A dinâmica atual torna possível, por exemplo, o envio de equipe avançada para o hospital em que se encontra o potencial doador, de maneira a melhor avaliar o coração e o pulmão a serem doados.
Além de um enfermeiro, a equipe possui um profissional (médico, biomédico e biólogo) que realizam o exame de ecocardiografia para avaliação do órgão. O resultado é transmitido à beira do leito, por WhatsApp (telefonia celular), para análise da equipe de médicos ecocardiografistas de plantão no InCor. Se o resultado for positivo, é dado seguimento ao processo de captação, com envio da equipe de cirurgiões para o local.
Foto de: Reprodução
A existência do Núcleo também torna rotineiras operações complexas como a de captação de órgãos em cidades distantes do interior paulista ou até mesmo de outros Estados, utilizando voos comerciais e fretados e, não raro, helicópteros das Polícias Civil e Militar do Estado de São Paulo.
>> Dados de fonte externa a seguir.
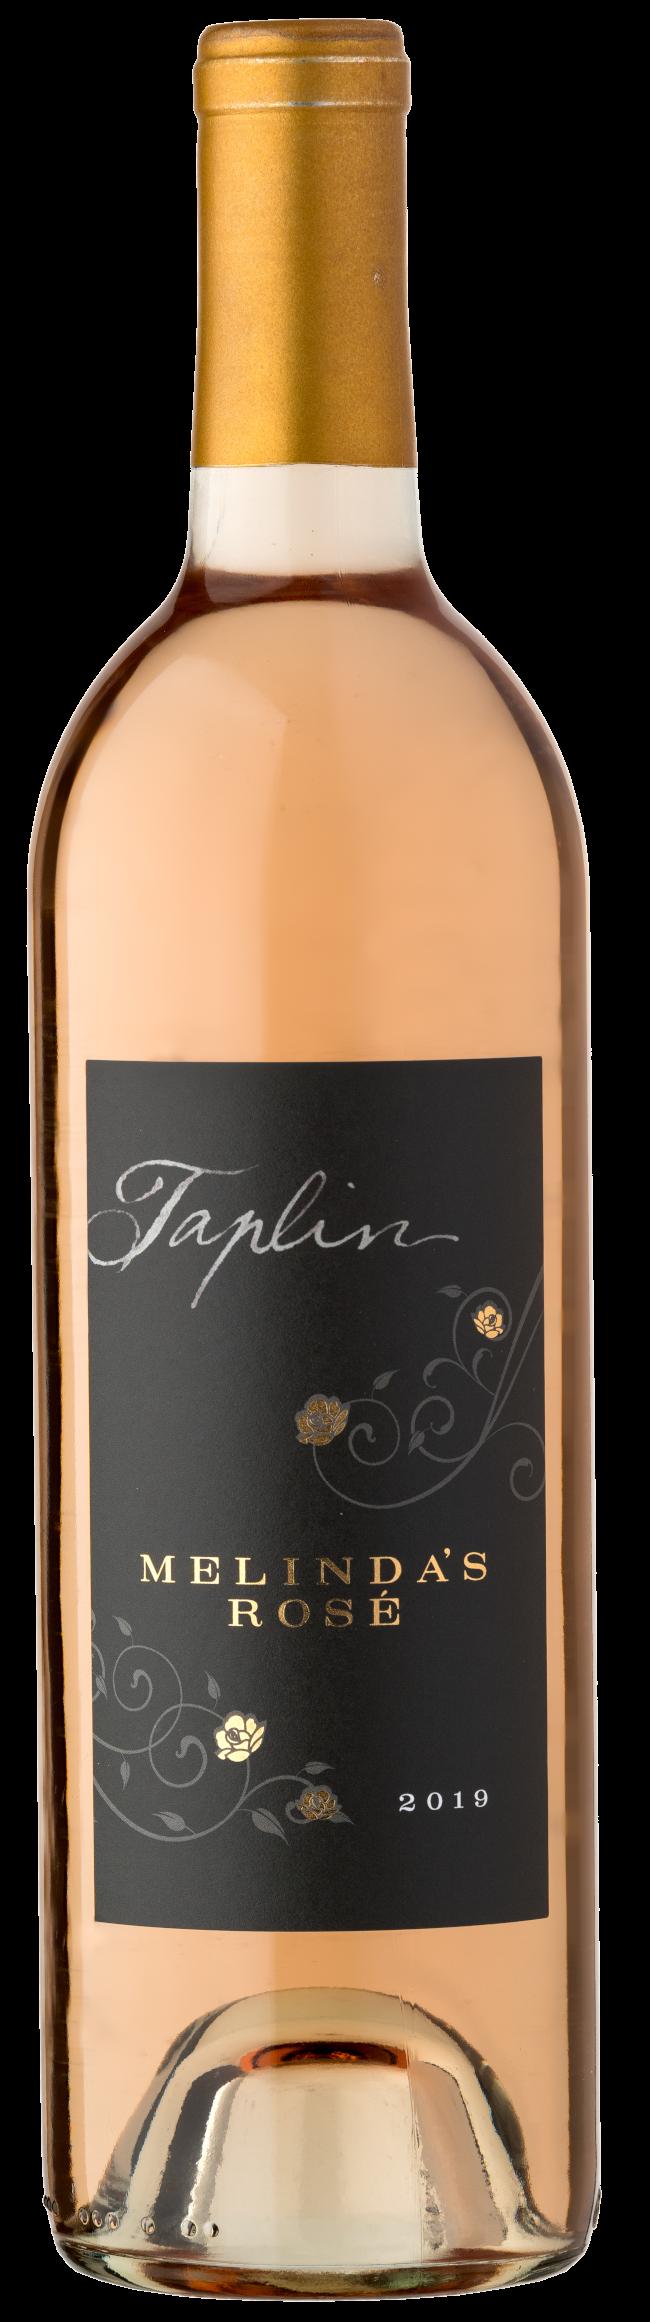 Melinda's Rosé bottle

Dos 96 transplantes realizados, praticamente a metade (47 órgãos) foi captada em localidades distantes mais de 100 km da Capital paulista, seja em São Paulo ou em outros Estados como, Paraná, Santa Catarina, Distrito Federal, Minas Gerais e Goiás.
Mais doações
Embora ainda em número insuficiente para atender toda a fila de espera, especialmente a de pulmão, o crescimento continuado do nível de doações no Brasil merece destaque.
O potencial de crescimento é grande, segundo dados do Ministério da Saúde 56% das famílias entrevistadas, em situações de morte encefálica, aceitam e autorizam a retirada de órgãos para a doação.
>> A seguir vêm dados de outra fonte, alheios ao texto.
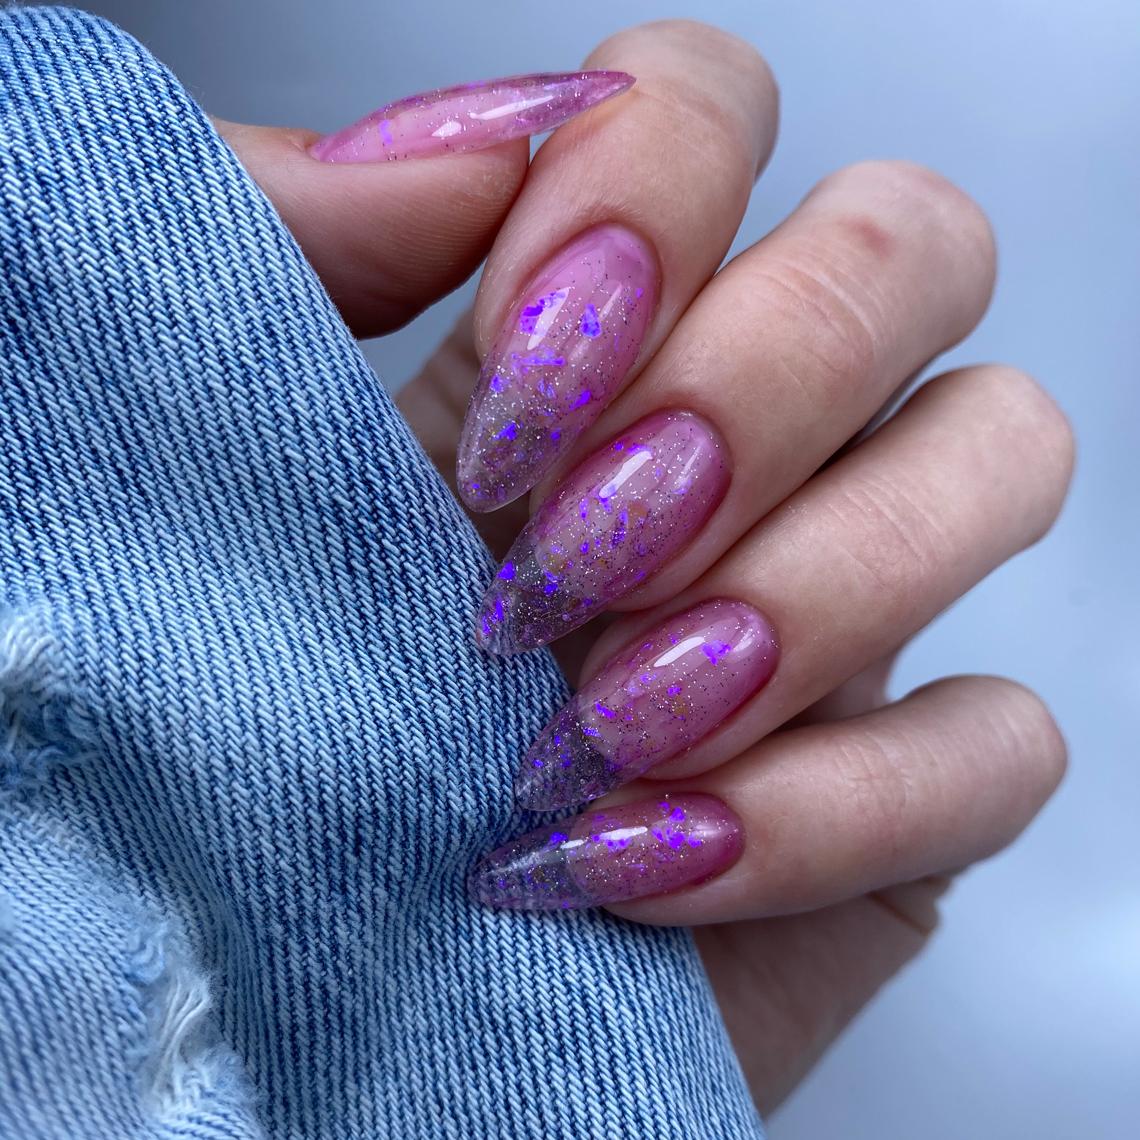 Builder Clear | Snowflakes 2 Violet Sparkle - Folia Cięta | Efekt Holo | Tip Top Top Coat | Eureka! Gel Polish

O Presidente do Incor Dr. Fábio Jatene destaca, por mais um ano, a importante parceria da imprensa e de seus jornalistas na conquista desses 96 transplantes feitos pelo Instituto.
“Cada vez que uma reportagem contando uma história de vida de um paciente em espera por um transplante vai ao ar ou é publicada, o número de doações aumenta na sequência e, com isso, salvamos mais vidas”, afirma Dr. Jatene.